New Relic log ingestion (from CloudWatch)

The New Relic log ingestion function—the second function in my app—is an AWS Lambda function that consumes the CloudWatch logs generated when my main Lambda function executes. Specifically, it watches for CloudWatch log entries that contain the NR_LAMBDA_MONITORING marker. This marker is produced by a wrapper (@newrelic.monitor_lambda) that I added to my main Lambda function. The custom data I collect with my function (newrelic.record_custom_event('rekogEvent', {'logo_detection': 1}) is also tracked by the CloudWatch logs.

Here’s an example log that returns details about my function and the custom event:

{
	"marker": "NR_LAMBDA_MONITORING",
	"version": "Alpha-4",
	"context": {
    	    "functionName": "cloud9-python3videostream-python3videostreamtodata-7xxxxxx5",
    	    "functionArn": "arn:aws:lambda:eu-west-1:36xxxxxxx4:function:cloud9-python3videostream-python3videostreamtodata-6VL57MEK2E26",
    	    "functionVersion": "$LATEST",
    	    "functionRuntime": "python3.6",
    	    "functionRegion": "eu-west-1",
    	    "awsRequestId": "f3xxxxxxxxxxxxxxxxxxf",
    	    "sourceInfo": null,
    	    "containerInfo": {
        	"isColdStart": true,
        	"startTime": 1528975664117,
        	"executions": 1,
        	"guid": "30xxxxxxxxxxxx8"
    	    }
	},
	"traceEvent": {
    	    "startTime": 1528975664118,
    	    "endTime": 1528975666044,
    	    "failed": false,
    	    "memoryMB": 63.15625
	},
	"operationEvents": [
    	    {
        	"service": "kinesis-video-media",
        	"operation": "GetMedia",
        	"startTime": 1528975664206,
        	"endTime": 1528975664291,
        	"failed": false
    	},
    	{
        	"service": "rekognition",
        	"operation": "DetectText",
        	"startTime": 1528975664650,
        	"endTime": 1528975665621,
        	"failed": false
    	},
    	{
        	"service": "s3",
        	"operation": "PutObject",
        	"startTime": 1528975665925,
        	"endTime": 1528975666040,
        	"failed": false,
        	"target": "rekognitionseantest"
    	}
	],
	"customEvents": [
    	    {
        	"eventType": "rekogEvent",
        	"logo_detection": 1,
        	"timestamp": 1528975665632
    	    }
	]
}

In New Relic, I set up a New Relic Insights dashboard that captures my custom events (length of logo appearance, in seconds) and metrics about my Lambda function, such as memory usage, function execution counts, and the duration of each function execution.
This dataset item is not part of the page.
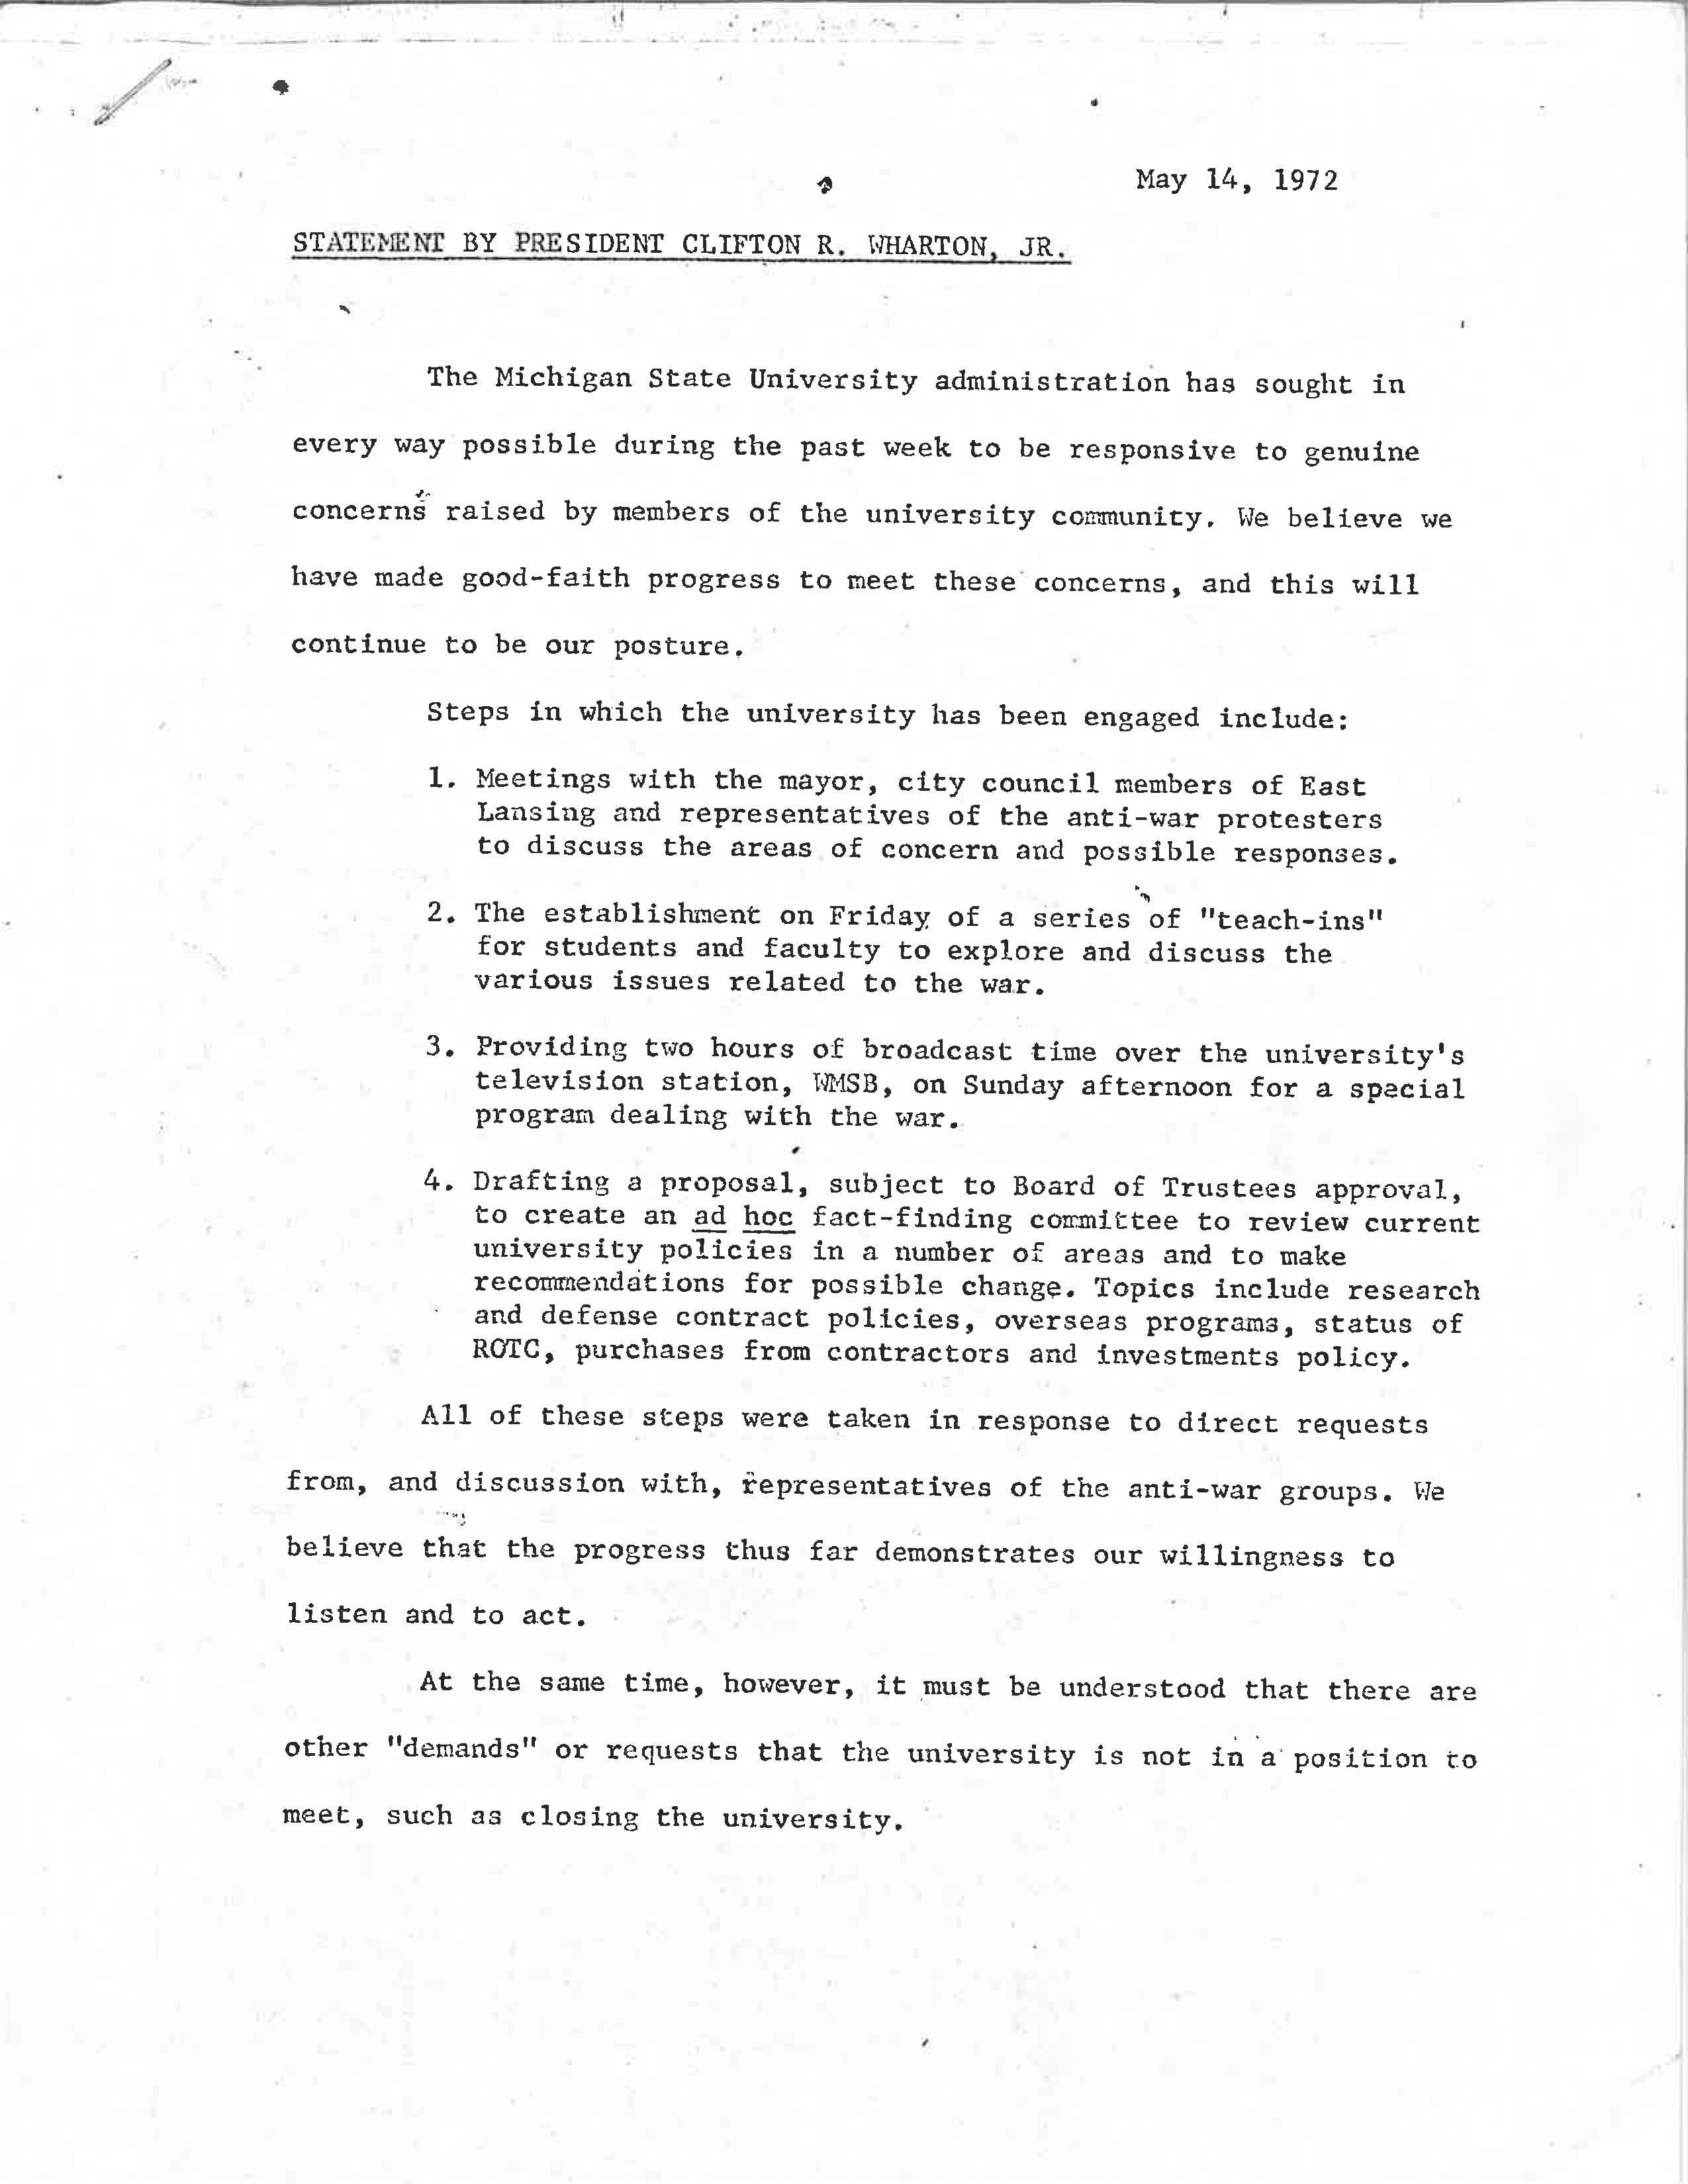 President Wharton Statement on Anti-War Demands

In some cases, the New Relic logo was on screen for up to 90 seconds at a time. Apparently, that was enough to make plenty of people curious enough to visit our web properties.

AWS and APM—always raising the bar

For every image Rekognition analyzes, AWS charges about $0.01 . That may not look expensive at first glance, but depending on the video format your stream uses, you could have 25 – 50 frames per second; multiply that by minutes or hours, and a project like this could really add up. (The pricing for video analysis is more reasonable—$0.10 per minute of footage).
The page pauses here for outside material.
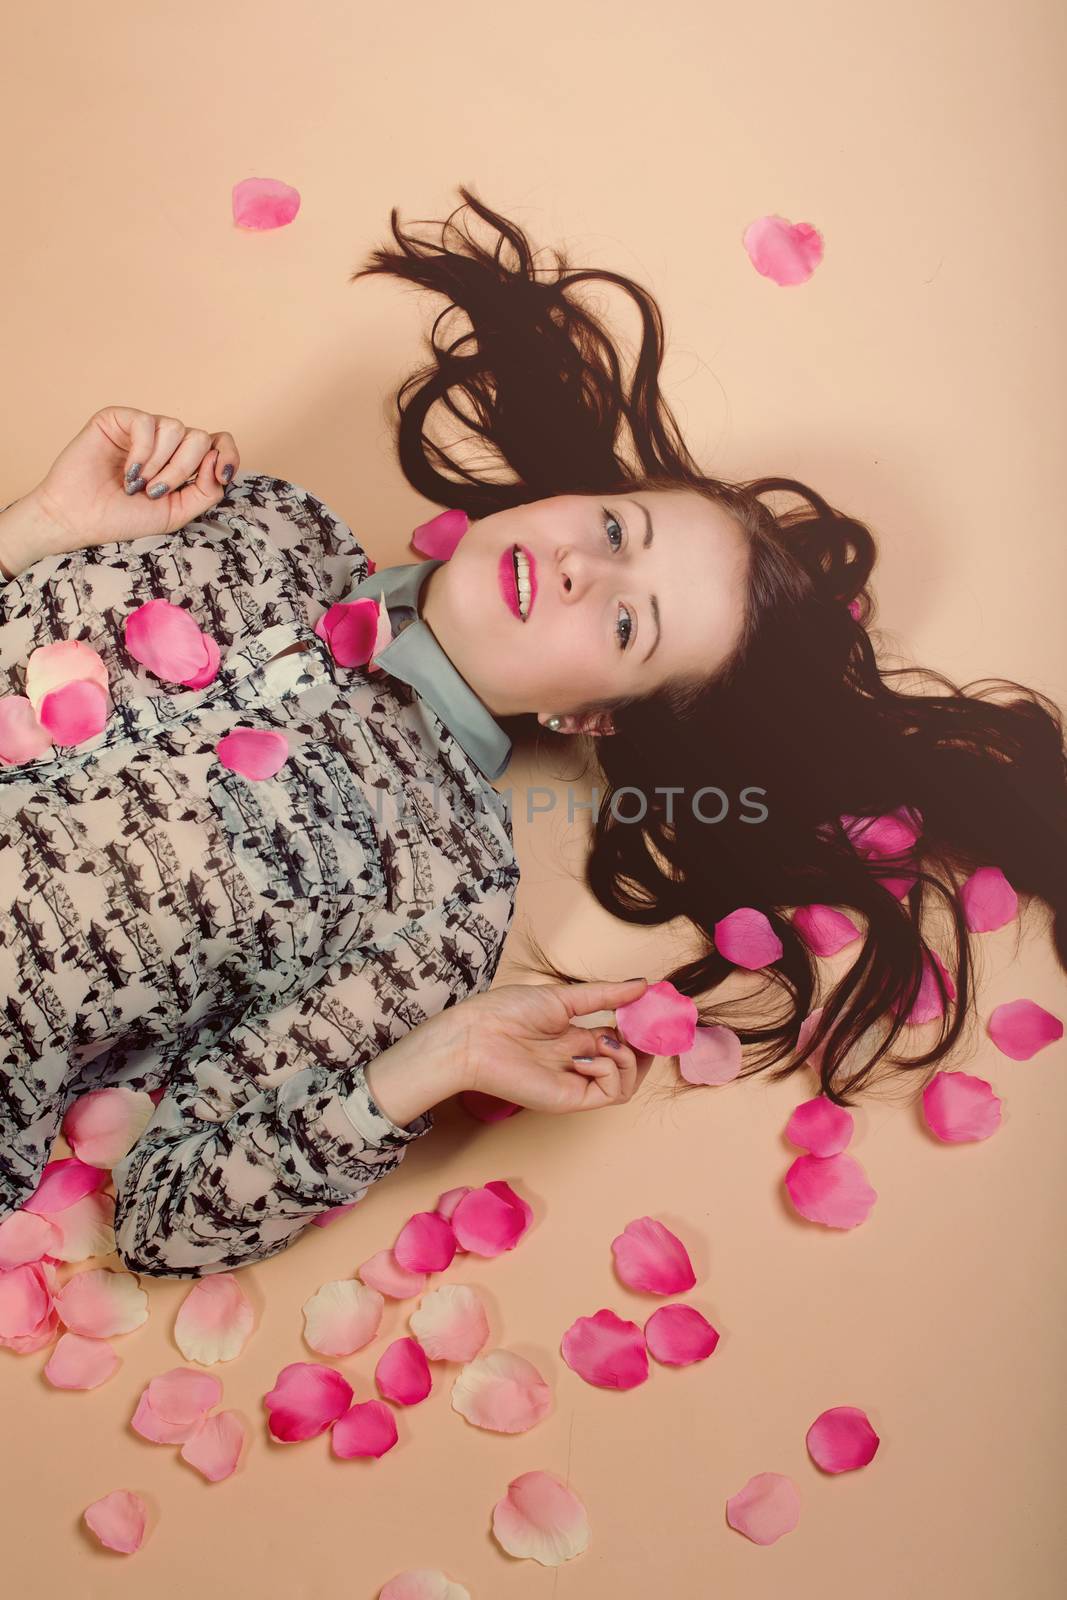 atractive brunette girl lying on beige background by artush

AWS is setting a high bar as it uses Rekognition and related services to bring AI and related technology “to the masses.” And the company is making it easier than ever to add various types of automation capabilities to homegrown applications.
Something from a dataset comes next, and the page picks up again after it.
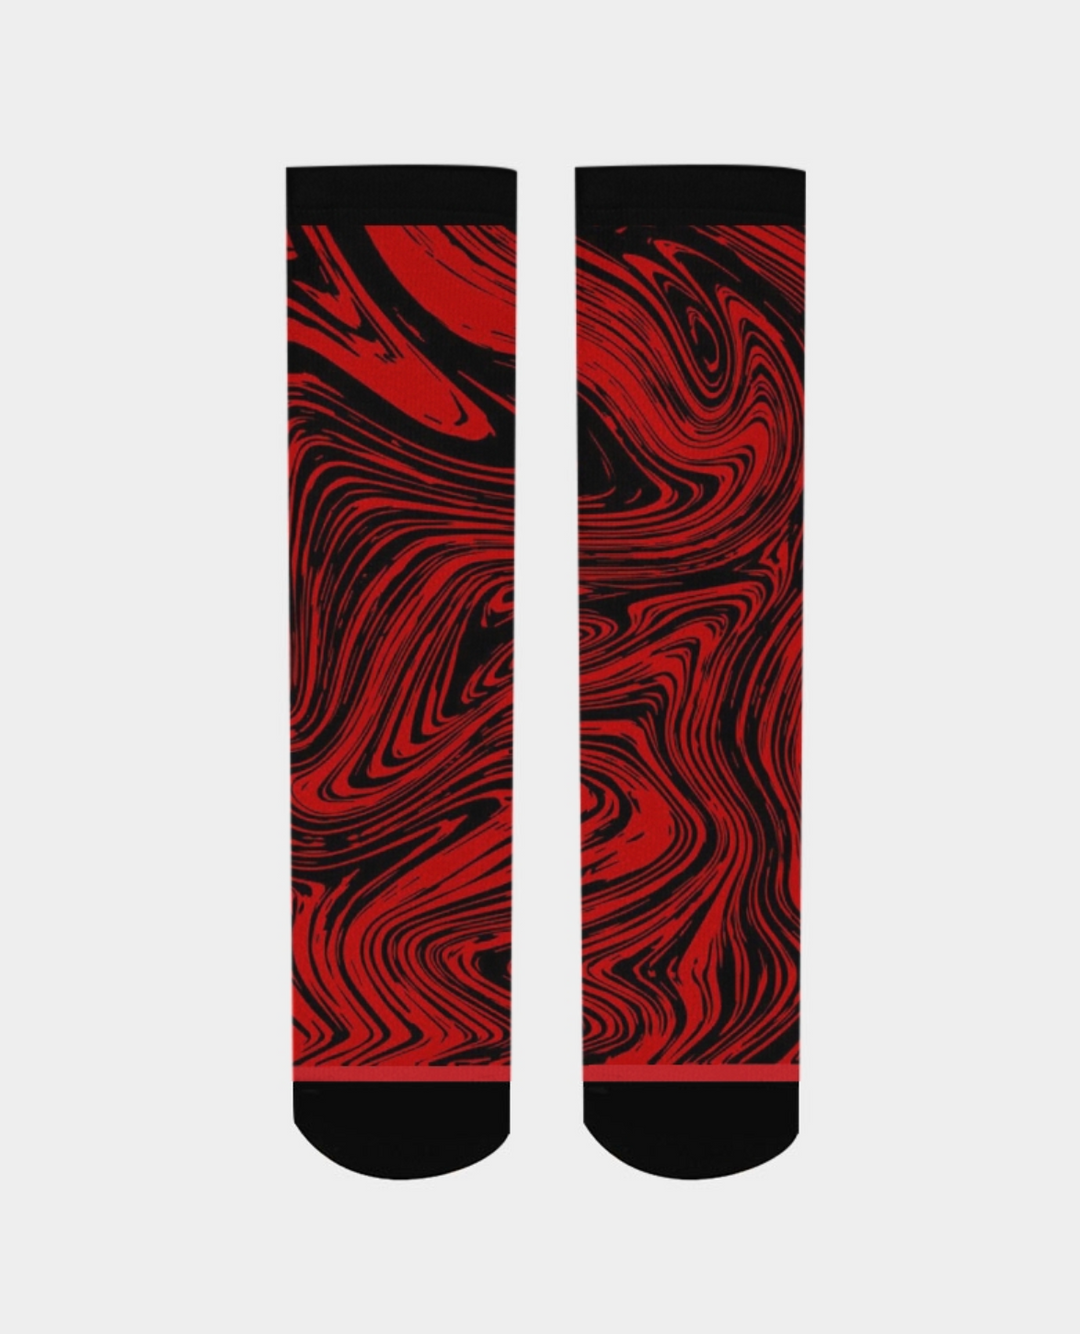 Swirl | Air jordan 9 Chile Red Inspired Socks

AWS Lambda makes it easier than ever to write and quickly execute your code, since you don’t have to worry about infrastructure management. However, removing a layer of abstraction (or, one could argue, adding another one!) doesn’t make it easier to monitor what’s going on in the code while it’s running. I found that APM for Lambda opened the “black box” surrounding my Lambda function and gave me real-time, code-level APM insights—and even allowed me to track custom metrics.

If you’re interested in getting early access to New Relic APM for Lambda and want to contribute feedback, sign up here. Unfortunately, not everyone who signs up will be invited to the private beta, but everyone will receive updates as we hit critical milestones on the way to general availability.

Now I wonder: What should I use this app to track next?